Beijing Key Laboratory of Learning and Cognition, School of Psychology, Capital Normal University, No. 23 Bai Dui Zi Jia, Beijing, 100048, China.
Beijing Key Laboratory of Applied Experimental Psychology, National Demonstration Center for Experimental Psychology Education (Beijing Normal University), Faculty of Psychology, Beijing Normal University, No. 19 Xin Jie Kou Wai Street, Beijing, 100875, China.
Behav Res Methods. 2024 Dec;56(8):8695-8714. doi: 10.3758/s13428-024-02498-x. Epub 2024 Sep 13.
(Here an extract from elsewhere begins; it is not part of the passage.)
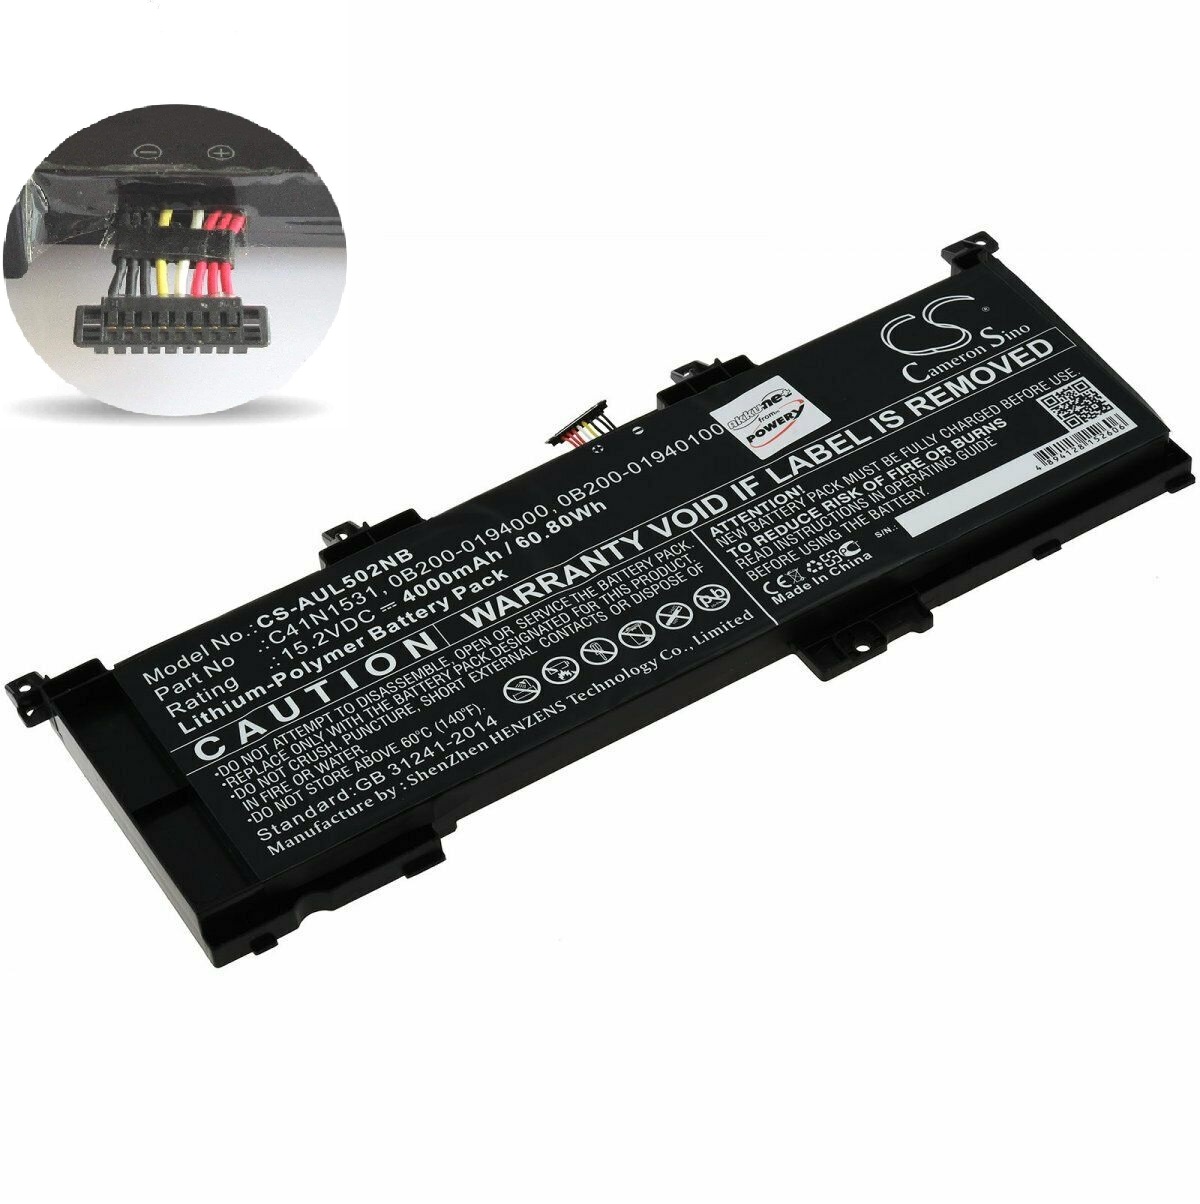 Batteri til Asus GL502VY-DS71 GL502VY-DS74 Rog GL502VS GL502VT Rog Strix GL502VS C41N1531 0B200-01940100 (kompatibelt)

Computerized adaptive testing (CAT) aims to present items that statistically optimize the assessment process by considering the examinee's responses and estimated trait levels. Recent developments in reinforcement learning and deep neural networks provide CAT with the potential to select items that utilize more information across all the items on the remaining tests, rather than just focusing on the next several items to be selected. In this study, we reformulate CAT under the reinforcement learning framework and propose a new item selection strategy based on the deep Q-network (DQN) method. Through simulated and empirical studies, we demonstrate how to monitor the training process to obtain the optimal Q-networks, and we compare the accuracy of the DQN-based item selection strategy with that of five traditional strategies-maximum Fisher information, Fisher information weighted by likelihood, Kullback‒Leibler information weighted by likelihood, maximum posterior weighted information, and maximum expected information-on both simulated and real item banks and responses. We further investigate how sample size and the distribution of the trait levels of the examinees used in training affect DQN performance. The results show that DQN achieves lower RMSE and MAE values than traditional strategies under simulated and real banks and responses in most conditions. Suggestions for the use of DQN-based strategies are provided, as well as their code.
计算机化自适应测验 (CAT) 的目的是通过考虑考生的反应和估计的特质水平,呈现出在统计学上优化评估过程的项目。强化学习和深度神经网络的最新发展为 CAT 提供了选择利用剩余测试中所有项目更多信息的项目的潜力,而不仅仅是关注接下来要选择的几个项目。在这项研究中,我们在强化学习框架下重新制定了 CAT,并提出了一种新的基于深度 Q 网络 (DQN) 方法的项目选择策略。通过模拟和实证研究,我们展示了如何监控训练过程以获得最佳的 Q 网络,并比较了基于 DQN 的项目选择策略与最大信息量、似然加权信息量、Kullback-Leibler 信息量、最大后验加权信息量和最大期望信息量等五种传统策略在模拟和真实题库和反应中的准确性。我们进一步研究了训练中使用的样本量和考生特质水平分布如何影响 DQN 的性能。结果表明,在大多数情况下,DQN 在模拟和真实题库和反应中的 RMSE 和 MAE 值均低于传统策略。还提供了基于 DQN 的策略的使用建议及其代码。